--- Exercise ---
Return the data verbatim, without pictures.

----- Data extract

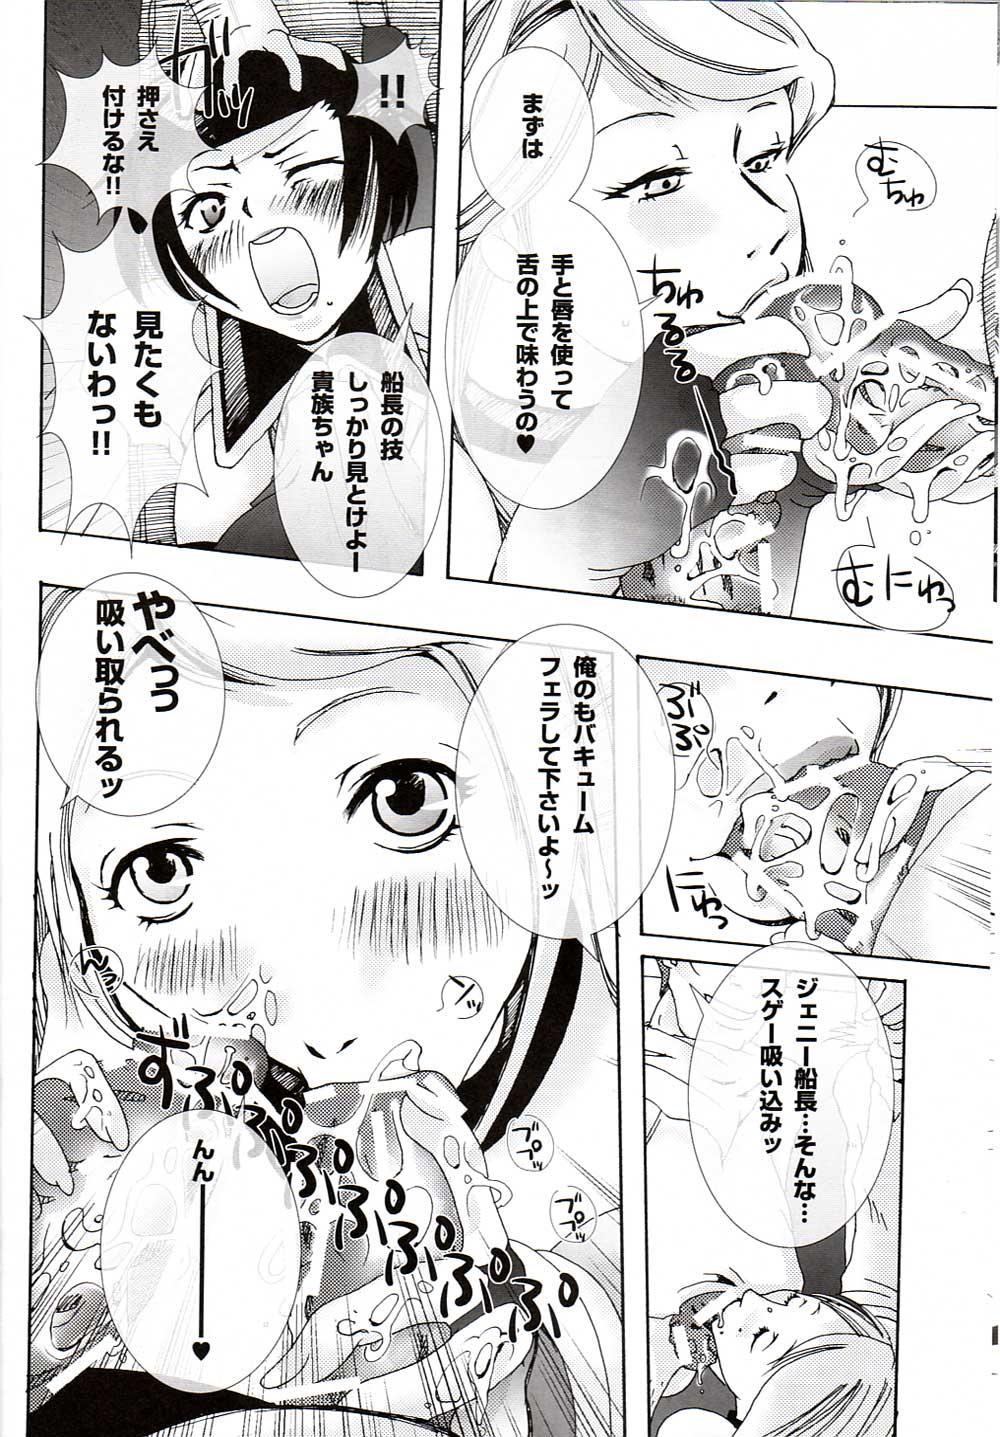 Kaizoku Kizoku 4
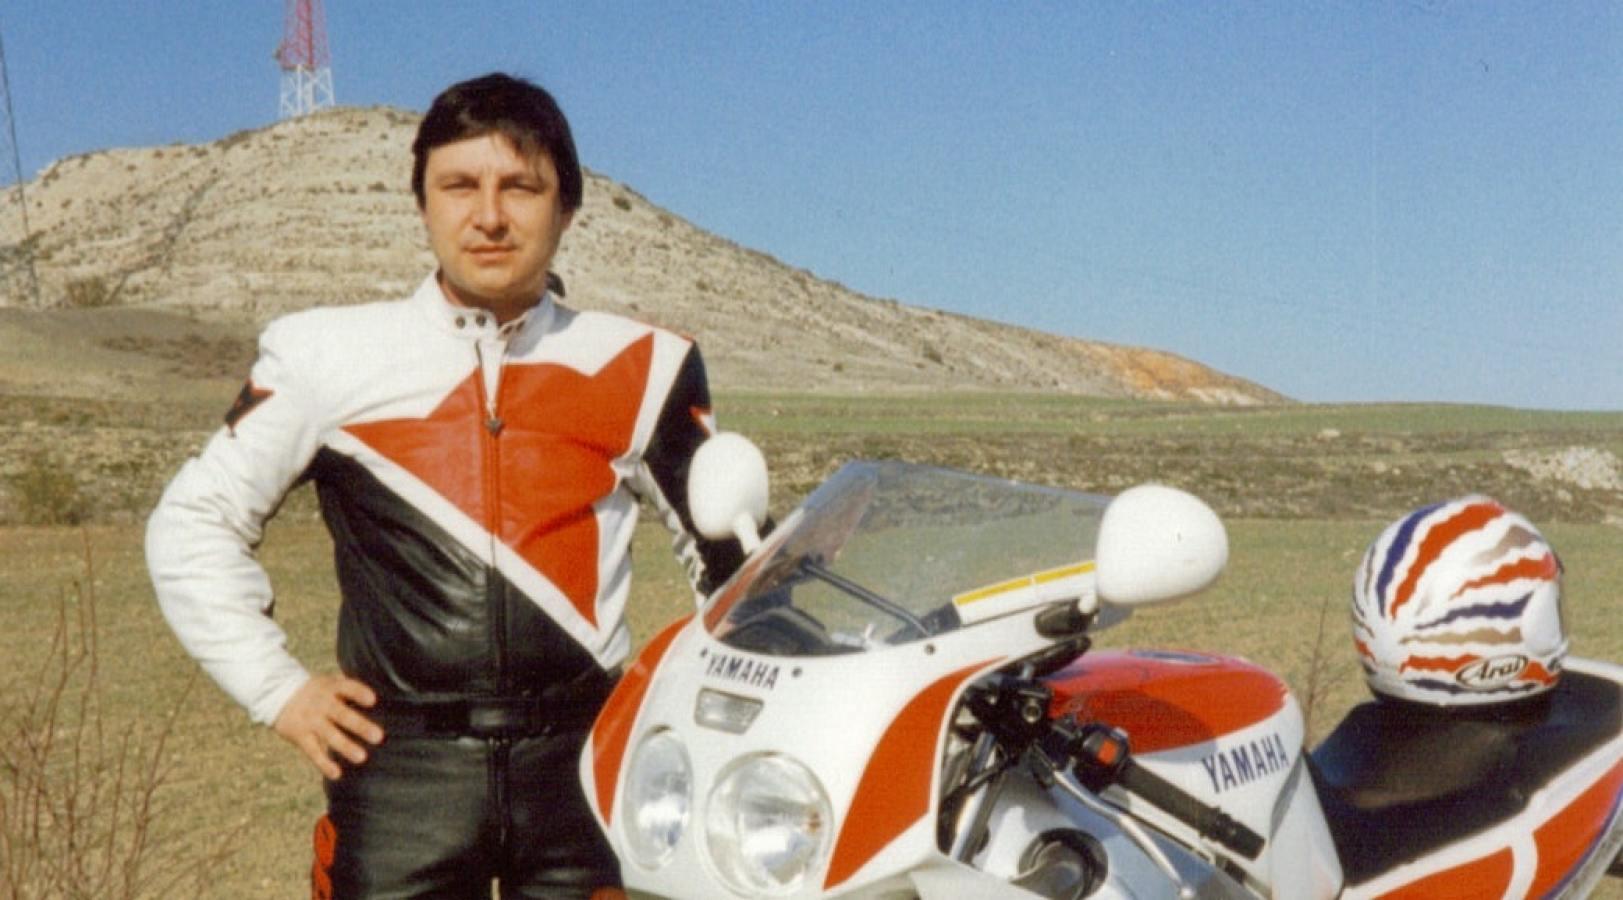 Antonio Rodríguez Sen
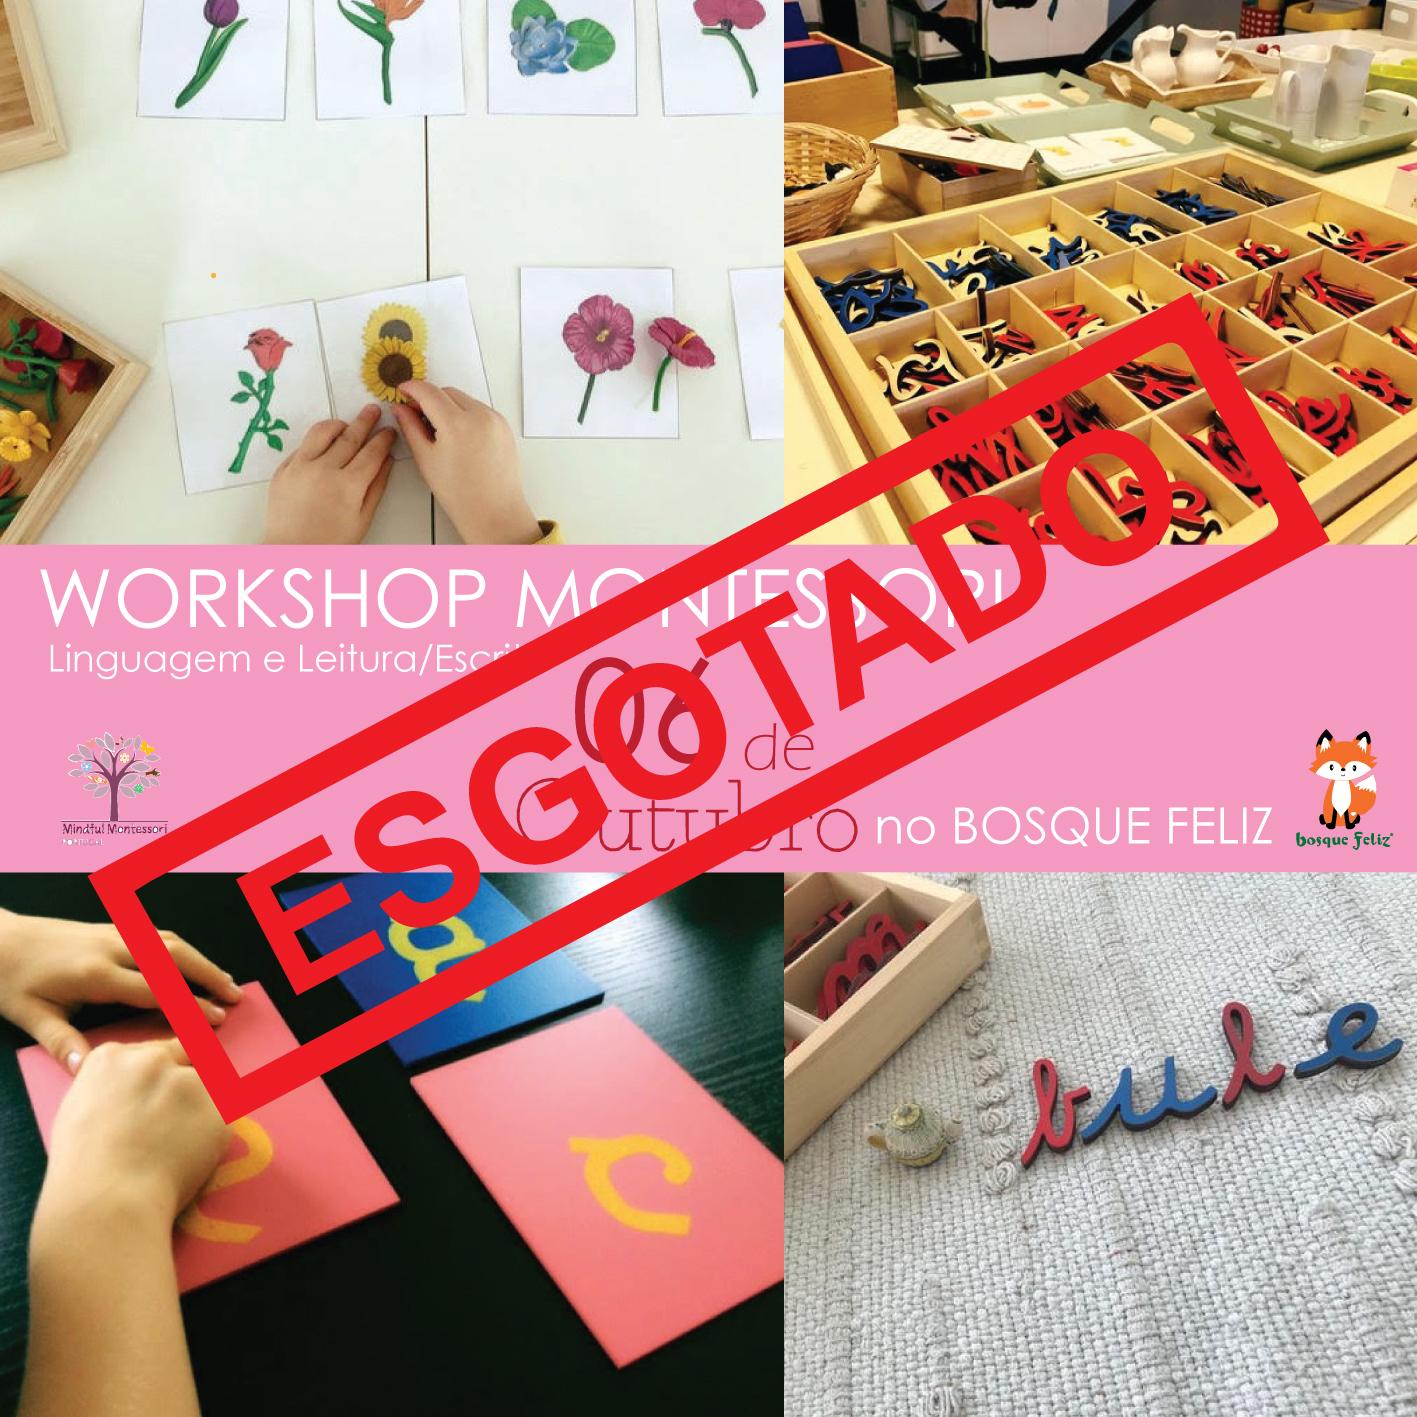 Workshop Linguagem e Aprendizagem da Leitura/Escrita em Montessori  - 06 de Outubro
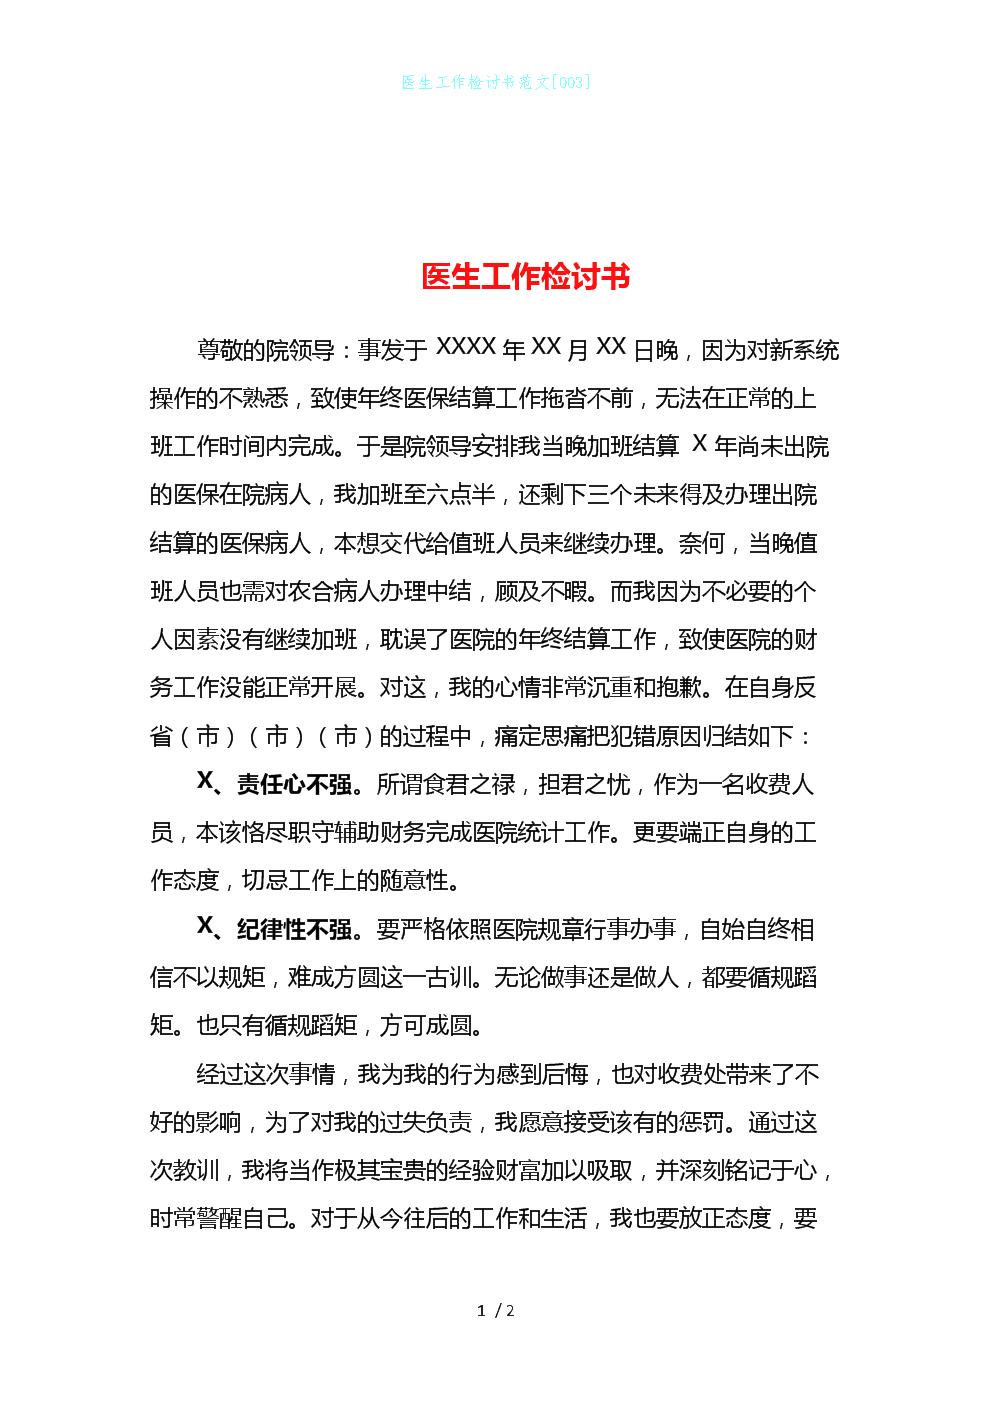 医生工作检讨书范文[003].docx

----------

--- Solution ---
 Kaizoku Kizoku 4
 Antonio Rodríguez Sen
 Workshop Linguagem e Aprendizagem da Leitura/Escrita em Montessori  - 06 de Outubro
 医生工作检讨书范文[003].docx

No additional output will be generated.